EVER SINCE the Protestant reformation in Germany, when Martin Luther discovered
he could reach out to the illiterate classes through simple woodcutting and
metal engravings, political cartoons have become a real means of communicating
with the public.
Later, Benjamin Franklin’s “Join or Die” cartoon, which
depicts a snake whose severed parts represent the Colonies, would become widely
acknowledged as the first political cartoon in America.
The reason
political cartoons are popular is that they are fun to read and often offer a
fresh, sometimes humorous, perspective on current events.
Many newspapers
around the world employ the skills of a political cartoonist and The Jerusalem
Post is no different.
For years, the Post has run the popular “Dry Bones”
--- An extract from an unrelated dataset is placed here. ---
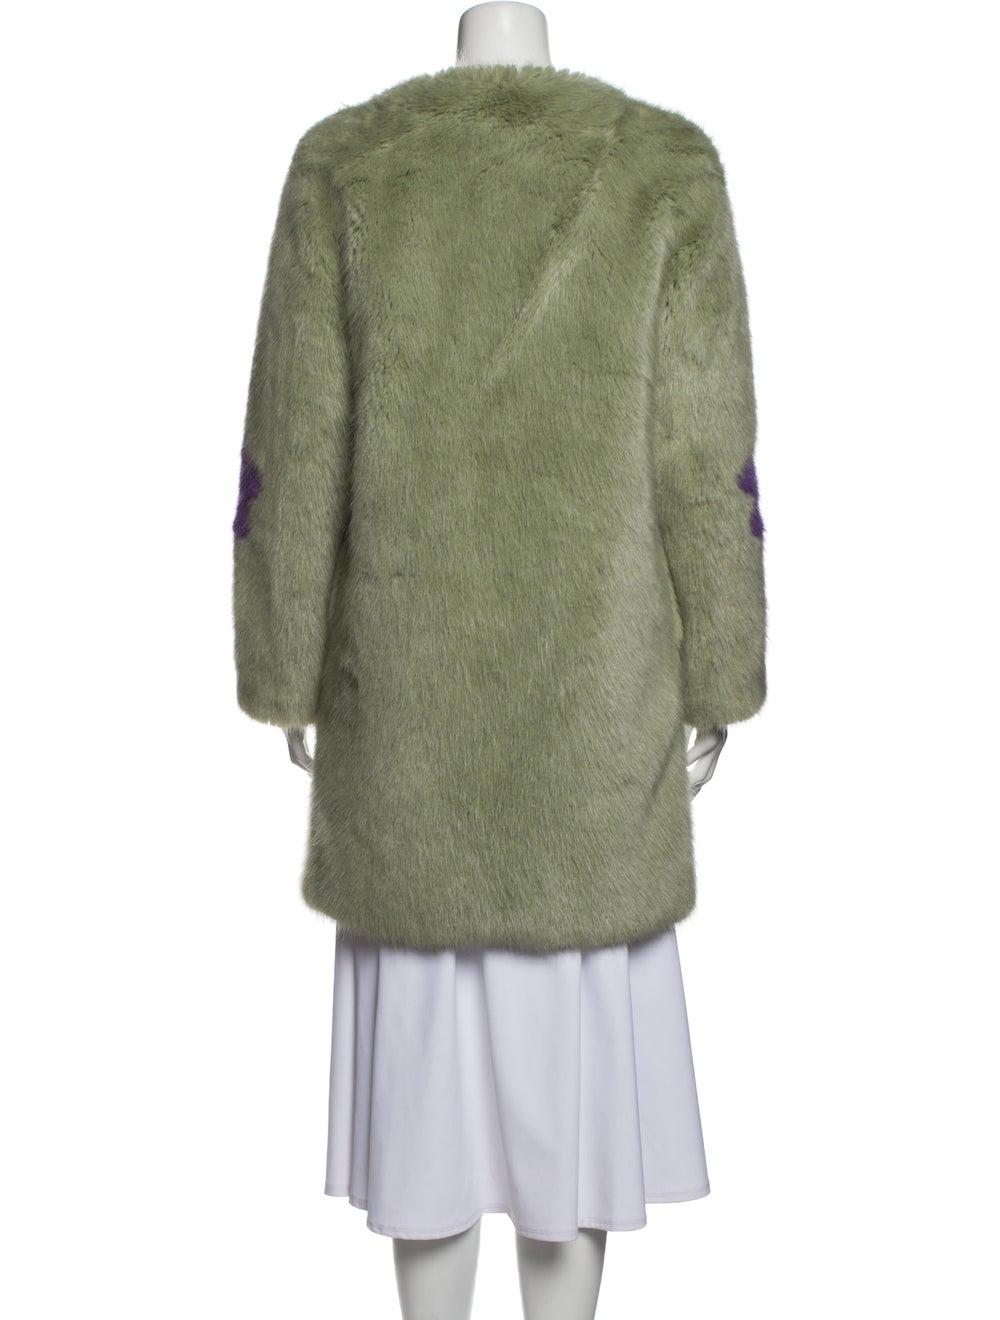 Shrimps Patterned Faux Fur Coat Green - image 3

series by cartoonist Yaakov Kirschen which next month celebrates its 40th
anniversary.
Kirschen named his works “Dry Bones” after the
2,600-year-old writings by the biblical Prophet Ezekiel, who refers to having
seen thousands of dry bones in a vision, and prophesies the rebirth of the
Jewish State.
The Dry Bones Project aims, through research and analysis,
to create an educational outreach program that will advance popular
understanding, and to correct willful rewriting of history.
The project
intends to do this by means of cartoons, cartoon history books and other works,
and through educational lectures.
In an interview with Kirschen in Asian
Jewish Life magazine, Erica Lyons writes, “‘Dry Bones’ has been a Jewish
household favorite since it first appeared in 1973. It has been reprinted, or
quoted in a myriad of publications including the New York Times, Time magazine,
the Los Angeles Times, CBS, AP and Forbes.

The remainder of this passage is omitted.